Fig. 3(b) shows the C++ code generated from the pipelined RTL code of the DCT component. The RTL signals implementing the pipeline stages are translated into C++ static variables ( $coef\_pipe[$ ] in the example). As a consequence, for returning the first results, the C++ function implementing the DCT module must be invoked as many time as the number of pipeline stages (see Fig. 3(c)). Then, after such a kind of *functional latency*, each function invocation returns one result.

#### 2.1 The static scheduling in the C++ code

The RTL-to-C++ abstraction consists of mapping each synchronous process ps of the RTL model  $M_{RTL}$  into a C++ function fs of the C++ model  $M_{C++}$ , where each sequential statement of the process is mapped into a C++ statement. The translation of RTL statements into C++ statements is merely syntactic and the order of statements in the RTL process is preserved in the C++ function.
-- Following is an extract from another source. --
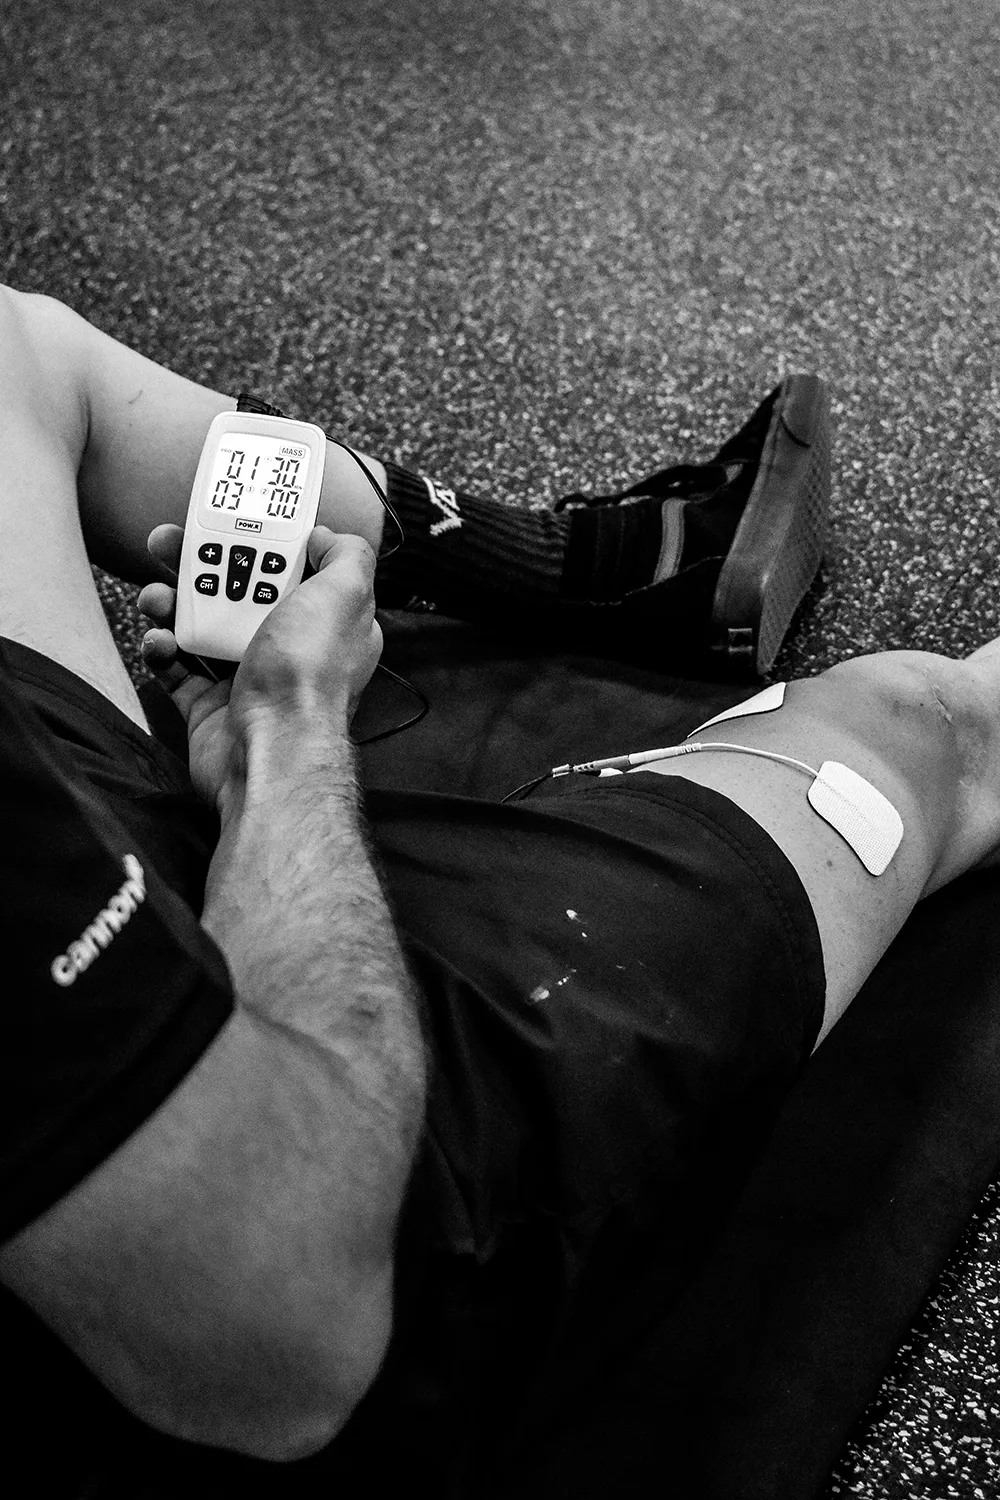 Using a TENS/EMS machine with electrodes

In the same way, each asynchronous process or global statement (i.e., statement outside synchronous processes) of  $M_{RTL}$  is mapped into a C++ function fa of  $M_{C++}$ .

Then, RTL signals are mapped into C++ variables, by preserving the corresponding data width and type. In certain specific cases, as explained in Section 2.2, signals are mapped into *static* variables to preserve the IP semantics. For the sake of clarity and without loss of generality, we do not dwell on other hardware description language declarations (e.g., variables, constants, subprograms, etc.) for which the RTL semantics is easily mappable into the C++ semantics.

Data types used at RTL, which are bit-accurate and implement the multi-value logic, are maintained in the generated C++ implementation. Different libraries of such bit-accurate data types and corresponding operators are available (e.g., Accellera Systems Initiative [2], Mentor [12], etc.). The proposed approach is independent of the data type library and any of those already existing can be adopted.

To preserve the RTL IP semantics, the C++ functions generated from the RTL processes have to be executed in the same *partial* order as the corresponding RTL processes are executed in the RTL model. That is, concurrent processes can execute in a non-deterministic order, while the order between non concurrent processes must be preserved.

To do that, R2C implements a *static scheduling* of functions. At compile time, R2C resolves the order of function calls according to the order of RTL processes in the process communication graph. Consider, for example, the



Figure 4: (a) Process communication graph (PCM) of RLE, (b) the corresponding static scheduling of functions in the C++ code.

*RLE* component of the *JPEG* RTL IP. Fig. 4(a) represents such a component through a graph, each process being a vertex and each signal being an oriented edge. The graph, which is automatically extracted from the RTL description, represents the synchronization and communication net among processes. The *RLE* component consists of four synchronous processes  $(ps_0-ps_3)$ , three asynchronous processes  $(pa_0-pa_2)$ , two input ports (s3, s4), two output ports (dout1, dout2), and seven internal signals (rlesig1-rlesig9).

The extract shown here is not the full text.